A state clearinghouse would offer subsidized plans on a sliding scale that would provide comprehensive health plans for as little as $161 per month for an adult couple with two children earning $48,500 or $81 for an individual earning $24,000. The legislation would require all residents to verify their health insurance plan on state income tax returns, which would be checked against lists compiled from health insurance companies.
Failure to carry insurance would result in a penalty against the individual equal to half the cost of an insurance plan, and failure to pay those penalties within 60 days would result in the state notifying the Registry of Motor Vehicles not to renew that person's driver's license and car registration. The House plan calls for an estimated 205,000 people currently without insurance to be brought under the MassHealth program, by raising the income guidelines to 200 percent of the federal poverty level for adults with children and 300 percent for children. Another 220,000 currently without insurance are expected to become insured through small group and individual plans that would be available through changes in the law to allow payment using pretax payroll deductions.
Another 163,000 people are expected to qualify for the subsidized insurance plans that would be administered by a state insurance office. Republican House leader Bradley H. Jones of North Reading said there was bipartisan agreement for the individual mandate provisions and expansion of state and federally funded MassHealth programs. But he insisted the state's businesses were in no shape to shoulder more insurance fees. "Don't add a huge new tax to an already struggling Commonwealth," Mr. Jones said, asking the House to drop the payroll assessment portion of the bill.

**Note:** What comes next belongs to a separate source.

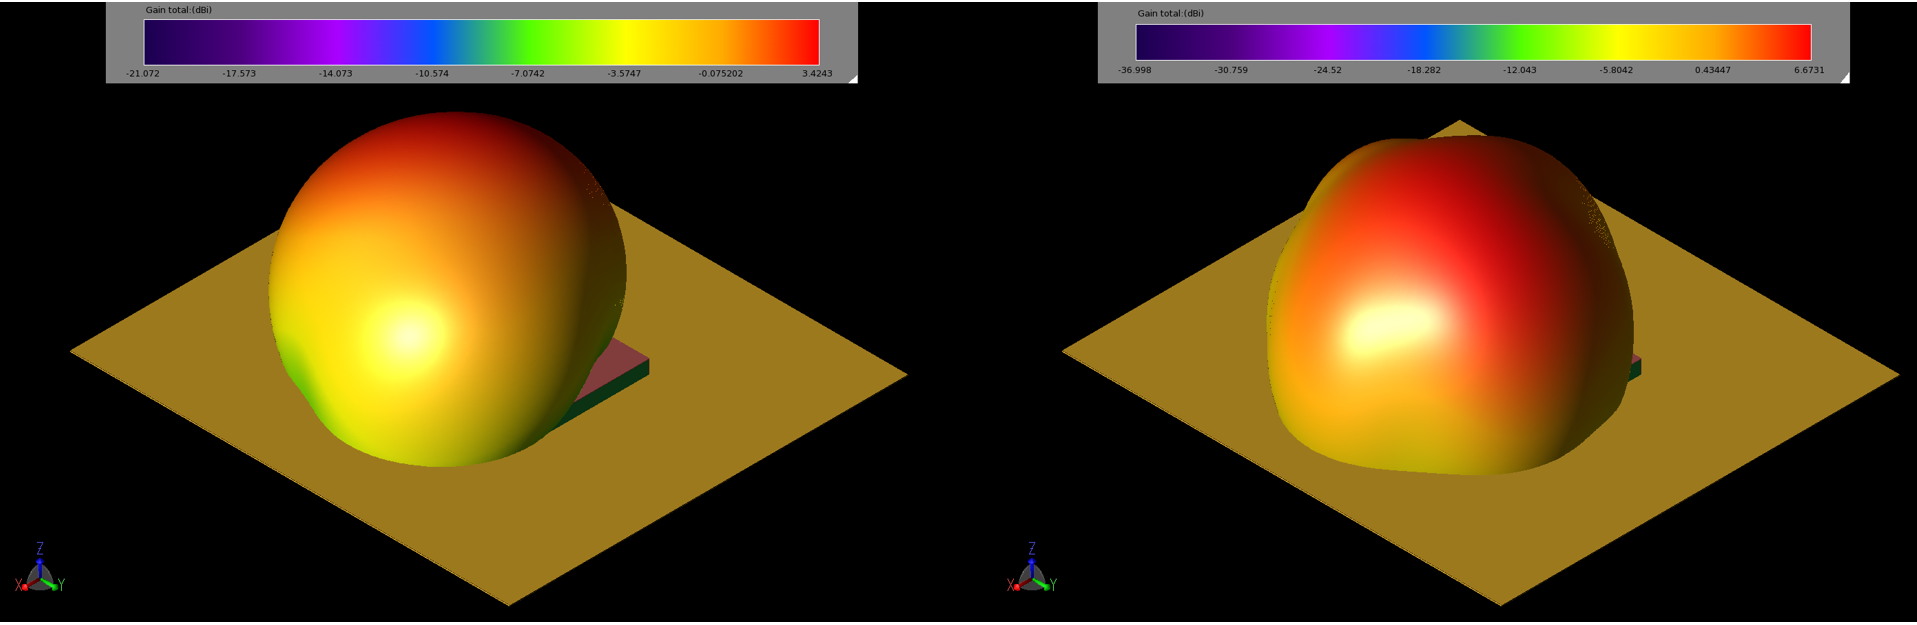 図4：2.45GHz（左、4a）と5.5GHz（右、4b）におけるパッチの利得パターンは球形で、利得のピーク値はそれぞれ3.4dBiと6.7dBiである。

Rep. George N. Peterson, R-Grafton, said the money being spent in the health care system today is more than enough to "cover health insurance for all of us ... without a $650 million tax on businesses." State Rep. Robert P. Spellane, D-Worcester, said that without the payroll assessments, "employers who choose not to provide insurance are getting away with a free ride." With changes adopted to provide credit from the payroll assessments for firms with seasonal workers and employees covered by insurance from spouses and parents, he said, companies that contribute to employee health plans "won't be affected."
"Employers will have a decision to make," he said. "Do you want to pay the fee or provide insurance?" Mr. Spellane questioned the governor's claim that universal coverage could be accomplished without additional spending.